I've looked in every wildflower book that I have. I've looked online. I have not been able to put a name to this plant. 
It grows in my back yard in the area where the lawn ends and the woodland begins. It is mostly in shade and there are probably 6 or 8 of them in that area. I put a yardstick near it... it grows to be about 21 or 22 inches, but it falls down long before that height is reached. The leaves along the stem are opposite, but then create this whorl at the top. One picture is with flash, the other is without. 
I've been watching these plants for 5 years now... I would really like to know what they are.

thanks so much...


----------



## bee (May 12, 2002)

can you or have you dug one up? Just to see if there is a bulb on the bottom. To me it looks rather like a member of the lily family..similar to a crown imperial.
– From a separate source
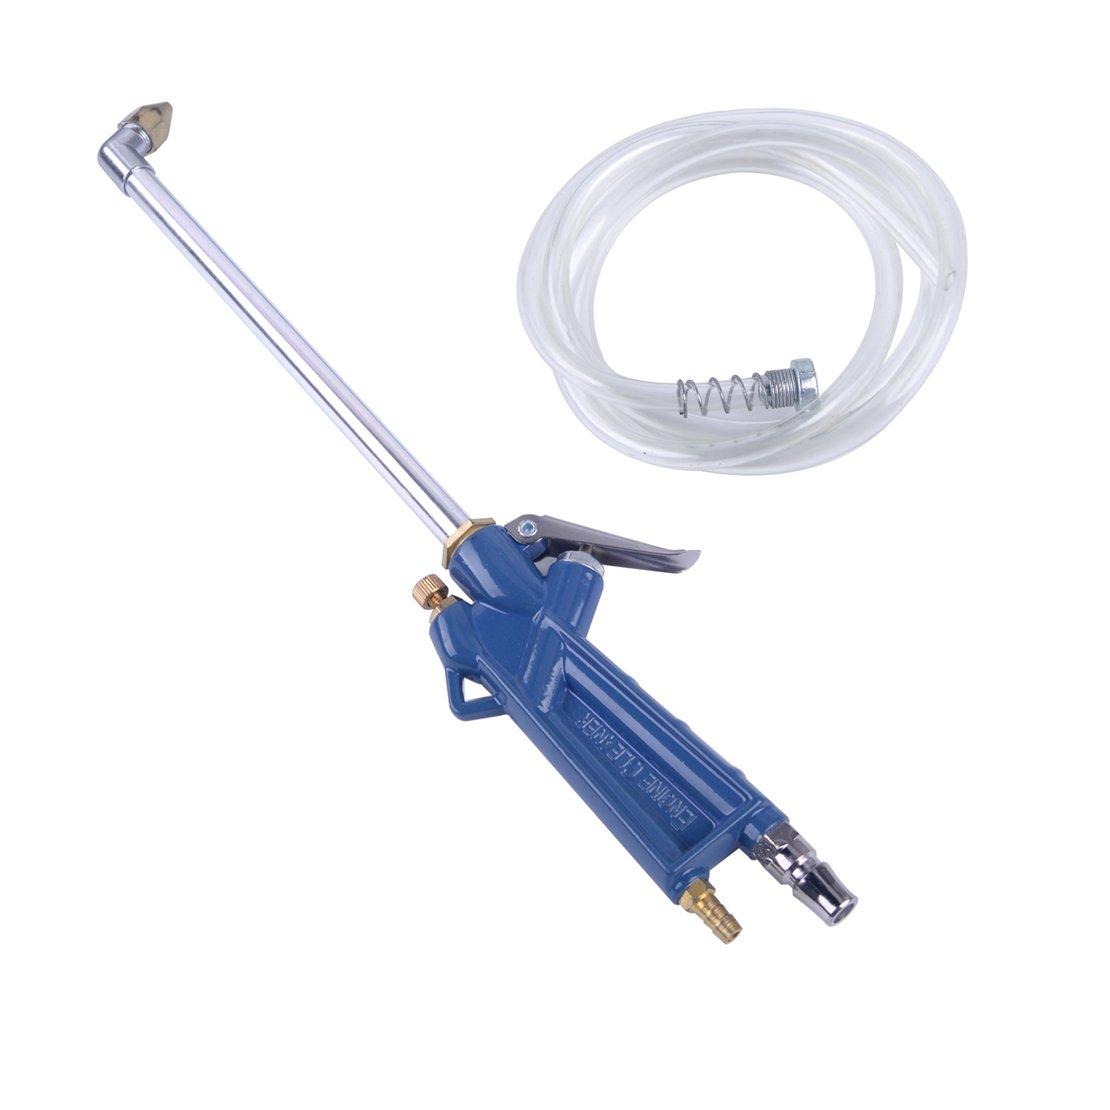 beler 1/4'' Car Engine Warehouse Cleaner Washer Gun Air Pressure Spray Dust Oil Clean Washing Tool

Crown Imperial sends up a stalk with a cluster of blooms very similar to your picture except that the "bells" hang down and I find it occurs in yellow and red but not white. Does the flower stalk always lie on the ground or does it seem to have happened by wind or an attempt for more light? A close look at the leaves, are they parralel veined like a lily or onion or are they branching veined like a maple?


----------



## Katrina1735 (Feb 13, 2010)

When it finishes blooming I will dig down and see what's there. 

I went back outside for another look...
The 3 major veins run parallel, stem to tip. 
I thought there were several individual plants, but looking this time and moving leaf litter, I see that 5 plants come from the same place in the ground. Four are laying down, but the fifth is sort of leaning. It appears that the growing end was damaged and a new, side branch grew. At the very end of that is one flower, pointing upward. The whorl of leaves is much smaller, but from the looks of things, I'll bet the weight brings that one down too. 
I did look at the Crown Imperial. I see why you pointed me in that direction. The foliage bears some slight resemblance, but that's not this plant. I wish cameras could truly capture it all.


----------



## Nature_Lover (Feb 6, 2005)

Those are good pictures, and you've given a good description of its growth habit. 

I searched for a long time, but could not identify it.

Those upright blooms ruled out disporum. The flowers look like an upright fritillary, at least it has the right growth pattern.
I thought the leaves looked like rhododendron or azalea. 
The plant reminds me of oneothera.

It really looks like a hellebore.

Do the blooms have a fragrance, or a stink? lol
Can you get a close-up of the inside of the bloom?
are there any basal leaves at the base of the stem?
are those petals fused, or overlapping?
do you remember a seed pod or bulbils when the flowers were spent?
OMGosh, here I go again...
I hope someone knows what it is, and soon.


----------



## Katrina1735 (Feb 13, 2010)

Wow... I love this site.... I guess having other people get as involved and as excited as I was... well... thank you. I'm a detective by nature and a plant lover in my heart. To keep striking out was really getting to me... I just had to ask for help.

Tonight I did get a name for this little beauty...

Striped gentian - Gentiana villosa

I just kept putting out requests for help with it everywhere that I could find, and lo and behold, someone had an answer... a member of the NC Native Plant Society. 

Thank you again...!


----------